Al cabo de aproximadamente una hora salgo del despacho y no puedo evitar quedarme anonadada mientras veo al mismo chico con el que me choqué en el parque. Está en el gimnasio y entrena despreocupado de una manera tan elegante y correcta que no puedo evitar quedarme mirándolo. Soy consciente de que no soy la única mujer que lo observa descaradamente. Incluso Micaela lo mira de reojo. El chico parece notar mis ojos fijos en él, porque se gira hacia mí y me atraviesa con una mirada clara de ojos verdes que me deja sin aliento, casi ahogándome como si me hubiese metido de cabeza en un lago del que no pudiese salir por mucho que lo intentase. El tiempo parece detenerse y esa mirada es capaz de absorberme. Ahora que no voy con prisa, observo su rostro fijamente. Jamás he visto tanta perfección junta. Su cabello es castaño oscuro, sus cejas y pestañas también son oscuras, sus ojos increíblemente verdes y muy intensos, su nariz fina y sus labios gruesos, pero no gordos, en un término medio que me encanta. Me resultan atractivos y poso la mirada en ellos como si fuesen una especie de imán. Lo miro con seriedad, furiosa por cómo me hace sentir con su mera presencia, como si él fuese superior a mí. Y no, nadie es superior a nadie. No tiene derecho a hacerme sentir así. ¿Qué estoy diciendo? Soy yo la que le dejo causar este efecto en mí. Abrumador. Así definiría lo que siento en este preciso instante. Trago saliva y tomo una bocanada de aire justo en el momento exacto en el que uno de los hombres más sudorosos del gimnasio pasa por mi lado.
—Puaj… —se me escapa en un breve sonido que estoy segura de que nadie ha escuchado.
Nadie, salvo ese atractivo chico que creo que me ha leído los labios y que trata de ocultar una sonrisa con dos dedos sobre sus perfectos y carnosos labios. Ese gesto vuelve a mosquearme y me giro buscando algún chico o chica a los que orientar haciendo ejercicios o con los que hablar, tratando de ignorarlo a pesar de que todo mi cuerpo quiere acercarse a él con una necesidad que hasta me asusta. De nuevo, pienso que nunca antes me había pasado nada similar.

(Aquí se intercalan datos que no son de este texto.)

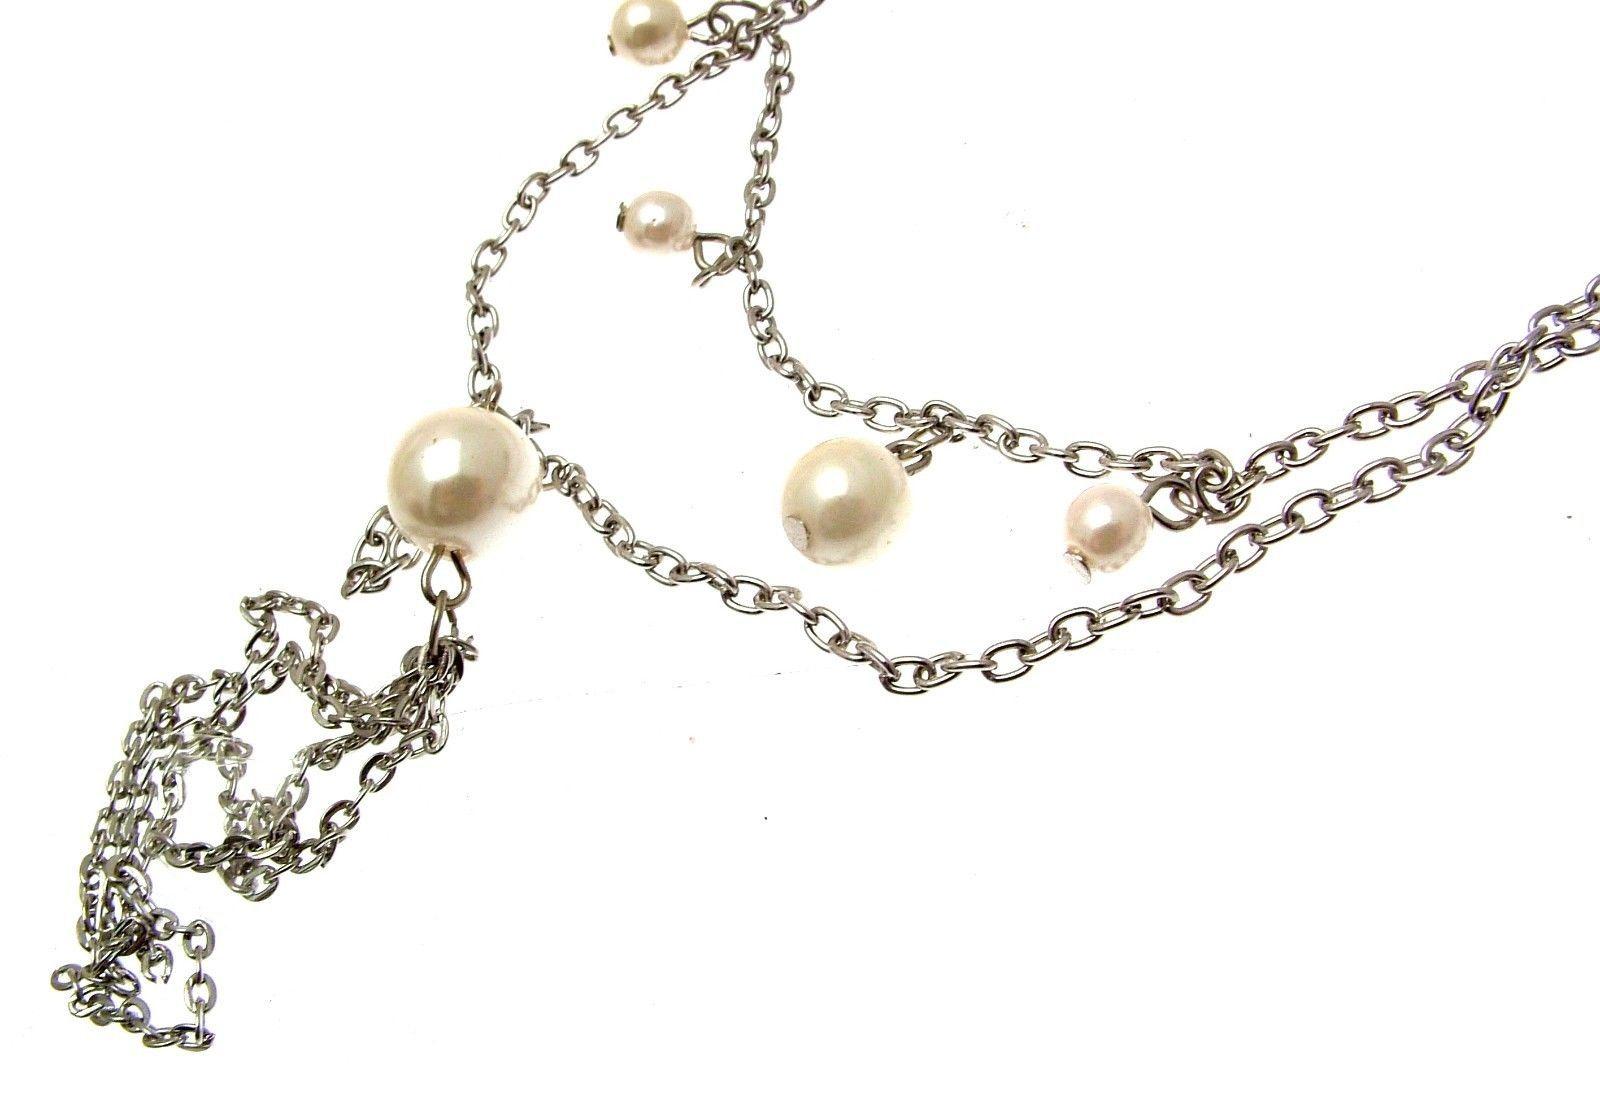 Necklaces For Women Statement Necklaces Faux Pearl Necklaces

—¿Cómo vas, Greg? —le pregunto a uno de los chicos que están haciendo piernas en la prensa.
El chico me sonríe y lanza un grito de dolor al hipertrofiar los músculos con la máquina buscando su límite.
—¡Vamos, una más! ¡Tú puedes! ¡¿Es que acaso eres un novato?! ¡Una más he dicho! —le animo sacando mi lado más bestia de entrenadora personal y el chico hace no una, sino dos repeticiones más.
—¡Bien, así se hace, Greg!
—¡Eres la mejor, Mais!
Mais. Esa es su forma cariñosa de llamarme y la que ha acuñado casi todo el gimnasio para dirigirse a mí. Antes de eso tan solo mi familia me llamaba así, y tengo que reconocer que al principio me molestaba que Greg se tomase la confianza de no llamarme por mi nombre completo. Ahora, la verdad es que hasta me gusta.
Siento una presencia tras de mí y lo veo a través de otro de los espejos que cuelgan en las paredes del gimnasio. No puedo evitar ponerme nerviosa al sentir esa mirada verdosa como el más fresco roble en mí. Me giro con un pellizco de nerviosismo en la boca del estómago y me traspasa con la mirada. Su actitud es altiva y divertida al mismo tiempo, casi burlona. No puedo negar que su presencia es imponente, y fuerte. Su presencia es de esas que cuando llega a un lugar capta la atención y sabes que está ahí.
—¿Quieres algo? —le pregunto sintiéndolo tan cerca de mí que tengo el impulso de retroceder un paso.